How to Break the Cycle of Remedial College Classes

At least a third of college students start freshman year in remedial classes. A California project shows that it doesn't have to be that way.

This month, more than half of community college freshmen and at least a third of university students started college already behind. They're in at least one remedial course that does not count toward a degree, thus beginning at least four months—and sometimes years—delayed in getting the degree they enrolled to earn.

This colossal disappointment is largely avoidable. Students need not toil in remedial courses that cost precious time and money.

How do I know? The proof initially emerged with many students transferring from San Diego’s West Hills High School to their local community college. Like many of their fellow freshmen nationally, a whopping 95 percent of high school graduates from West Hills who received As and Bs in their senior English courses did not "pass" the placement test. Yet when allowed to enroll in college-level courses instead of remedial classes, 86 percent successfully completed college-level English, lost no time in their progress, and stayed on course toward earning a degree.

How could this be? San Diego’s Grossmont-Cuyamaca Community College District took the courageous step of trusting the work of local high school teachers and higher education faculty over the placement test.

The English Curriculum Alignment Project is an intensive and groundbreaking effort. High school teachers and college faculty teamed up to pore over years of transcript information for what is now, statewide, a 30-million student database made available through the California Partnership for Achieving Student Success. Looking at student performance over time, San Diego educators learned that students who stopped taking English courses after 10th grade needed the same level of remediation in community college as students who took advanced English courses through 12th grade.
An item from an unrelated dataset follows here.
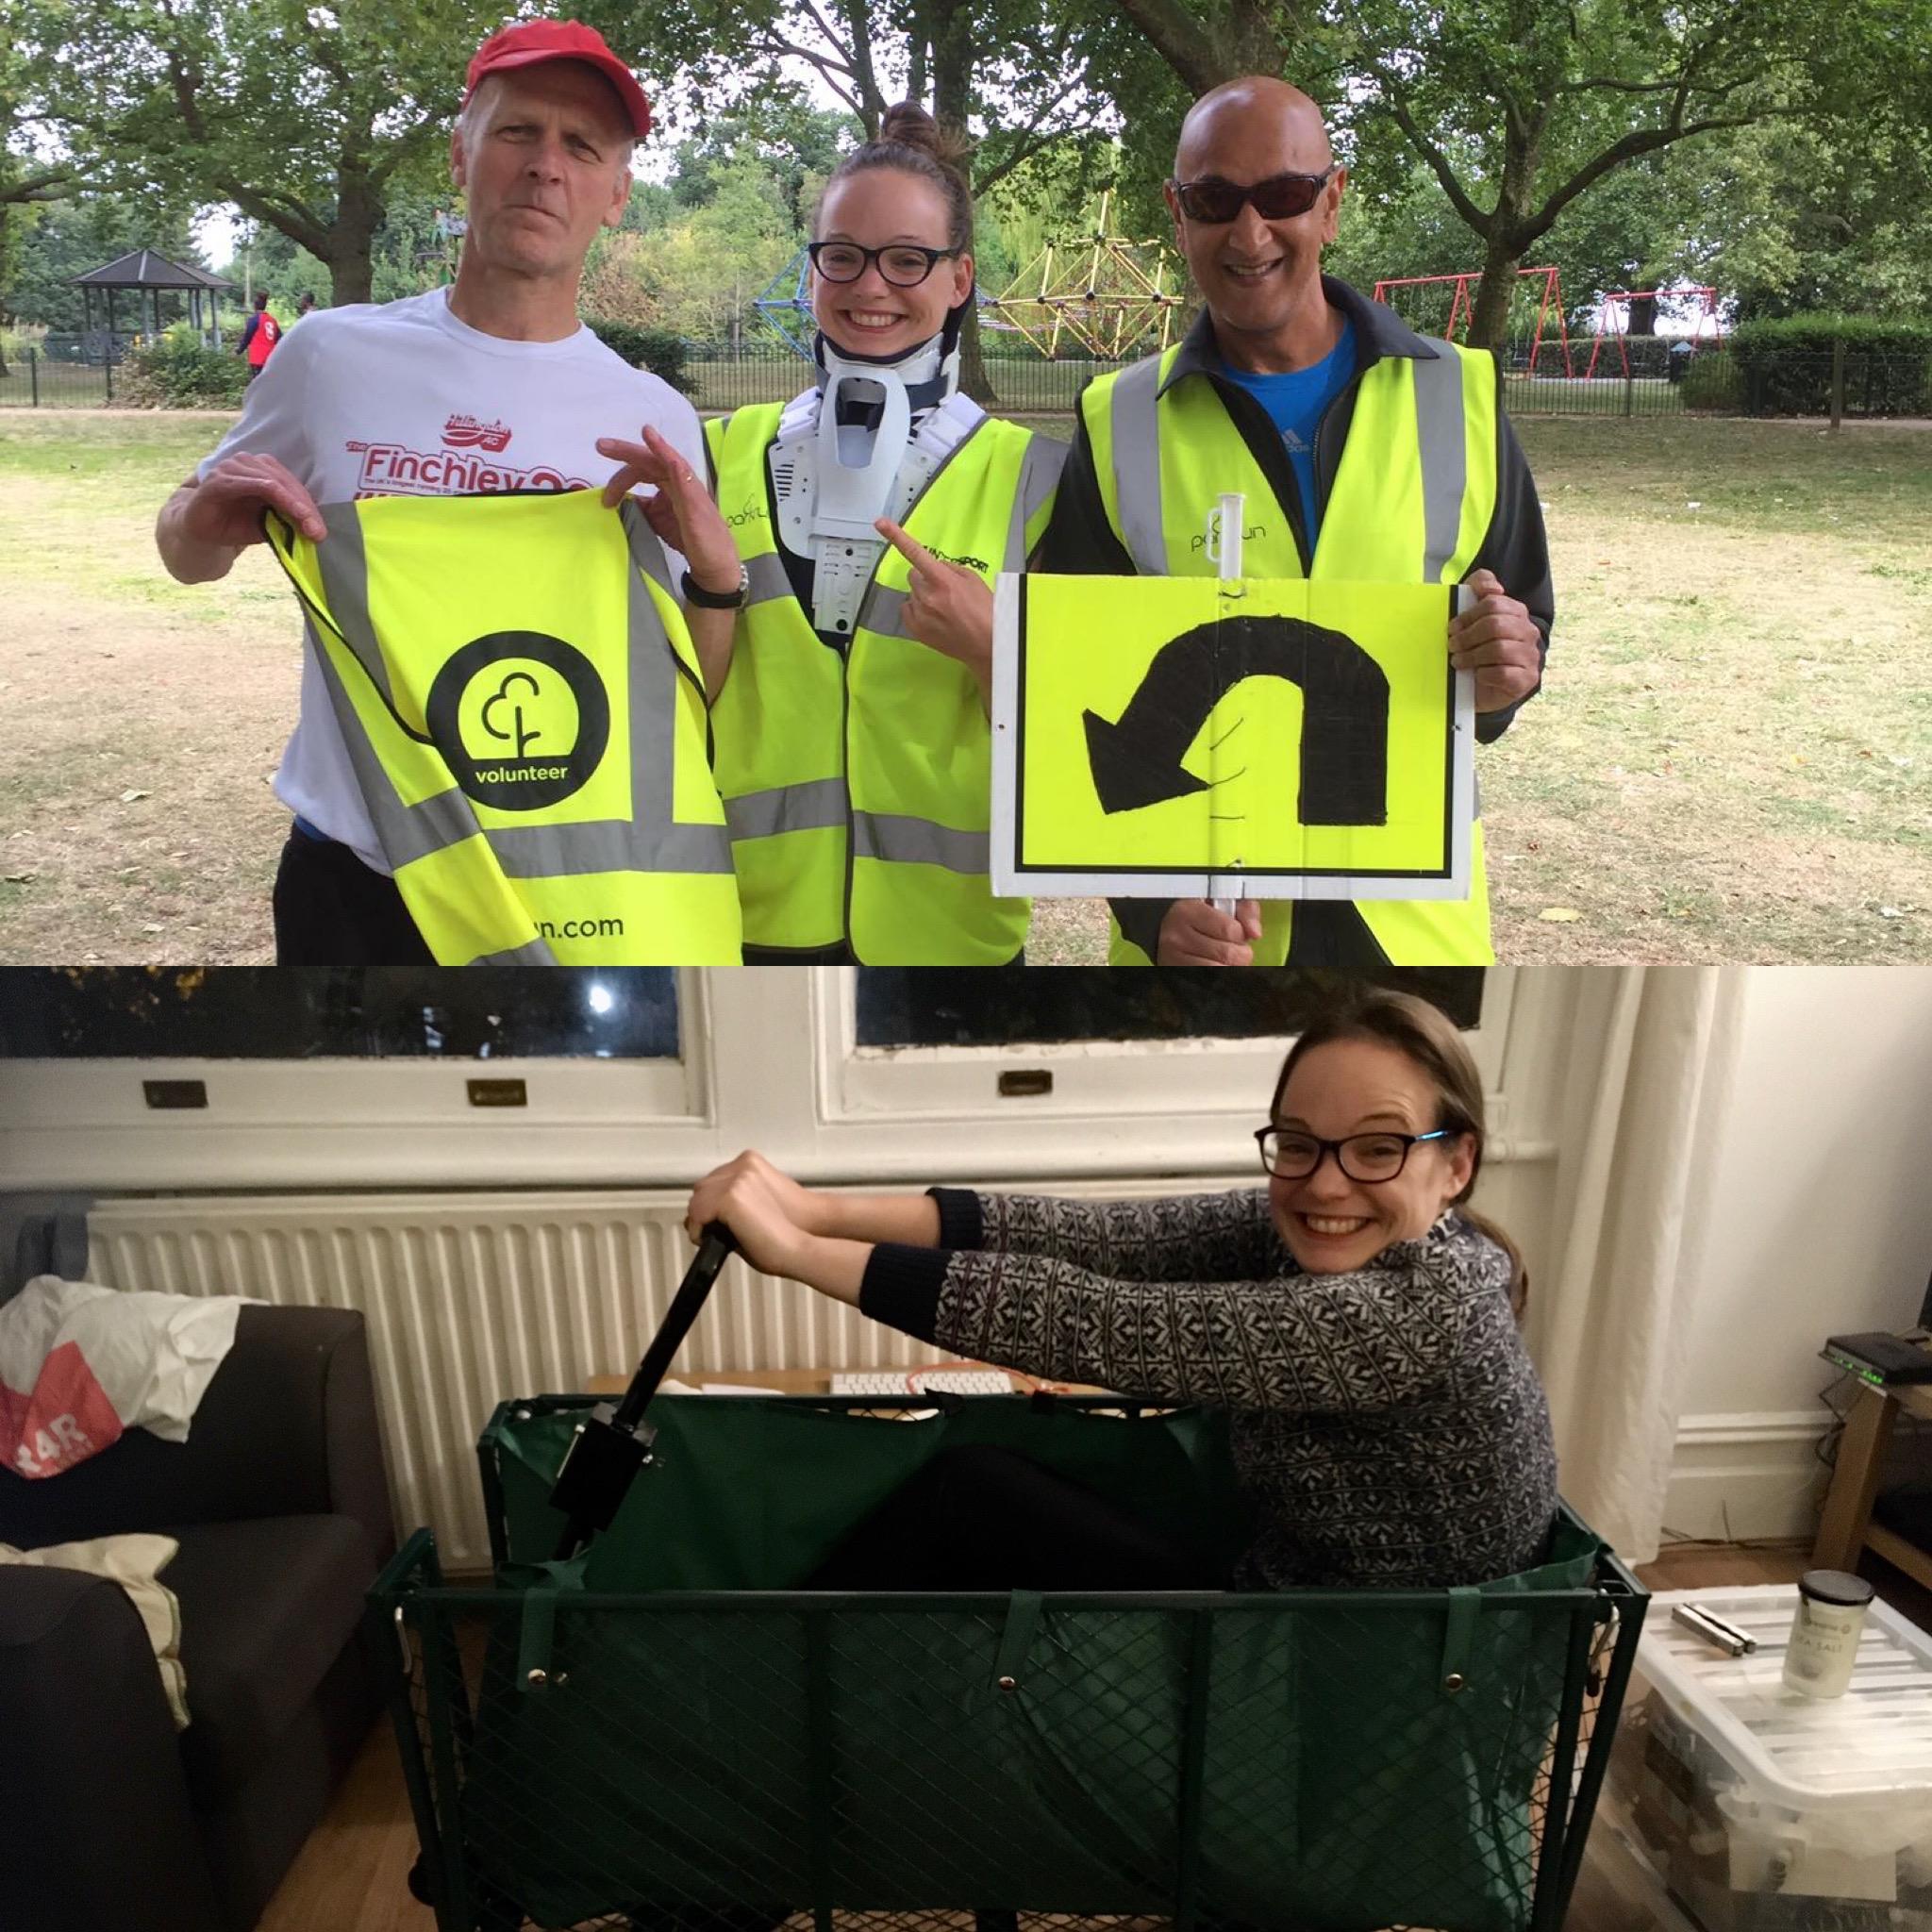 Volunteering collage

Teachers dug deeper for the source of students' collegiate struggles. After sharing lesson plans and curricula, they learned that while teachers at both levels called it English, they were teaching entirely different things. High school teachers taught mostly literature, focusing on characters and storylines in many classic works of fiction. Meanwhile, English faculty in the community college were teaching students about argumentation and writing clearly to inform, persuade, and describe—key skills needed to succeed at work, think critically and contribute to their community. This "Eureka!" moment inspired teachers at all levels to better align their expectations and content.

Collaboration between high school and higher education teachers is a significant break from standard practice and culture. Most higher education faculty haven't the foggiest idea what the current K-12 standards in their state say, much less how they connect to the knowledge and skills of the students they greet at the start of the school year. It’s not their fault; they've been kept out of that loop. Together, San Diego teachers developed standards-based high school lesson plans that helped students organize content and write clearly with deep understanding of genre, audience, purpose, and argument. The thoughtful blend of literary and rhetorical values in the English classroom and an emphasis on rigorous writing, reading and critical thinking skills put students on a track for success in college and career.

Remedial courses, and the tests that place students in them, have become a black hole—sucking time, money and ambition into a vortex from which few escape. Only 24 percent of students placed in the lowest level of English remedial courses in California ever get through. It's little wonder when you consider the mismatch in what is expected and taught in K-12 and what is expected and taught in college.

This disconnect becomes particularly disturbing as the nation moves toward adopting Common Core Standards, a valiant reform effort designed to ensure that all students receive a challenging, relevant education. However, this effort is built on quicksand unless there is school-to-college collaboration around student performance and students are taught material that aligns to these new standards.

With more than 40 states signed on to adopt the Common Core Standards in 2014, now is the time to focus on the teaching and curriculum necessary to achieve what are widely agreed to be excellent standards that prepare students for success. Simply having a standard in place is no assurance that higher education and K-12 teaching are aligned to the standard and to the expectations for college-level work.

The San Diego ECAP project is an example of what is possible when faculty across K-12 and community colleges and universities use student transitional data and work together to better know and understand what students need to succeed. This solution is hiding in plain sight, appealing to the very motivations that brought teachers into their field: a zest for inquiry and unleashing student potential. Collaborating around student performance information recognizes that higher education and K-12 teachers share the same student—just at different points in their education journey.

With the high cost of college and valuable time at stake, students and our state economies simply cannot afford blind faith in standards and a one-time test that leads up to the roadblock of remedial classes.

It’s time for a serious rethink of where and how we place our trust. K-12 and higher education must trust each other and work together to align what is taught and examine student performance data to address any barriers. If we don't do this, we’re just guessing, or worse, relying on faulty indicators. That’s not right, and San Diego shows there is a better way to help students, reduce remediation, and save taxpayer funds.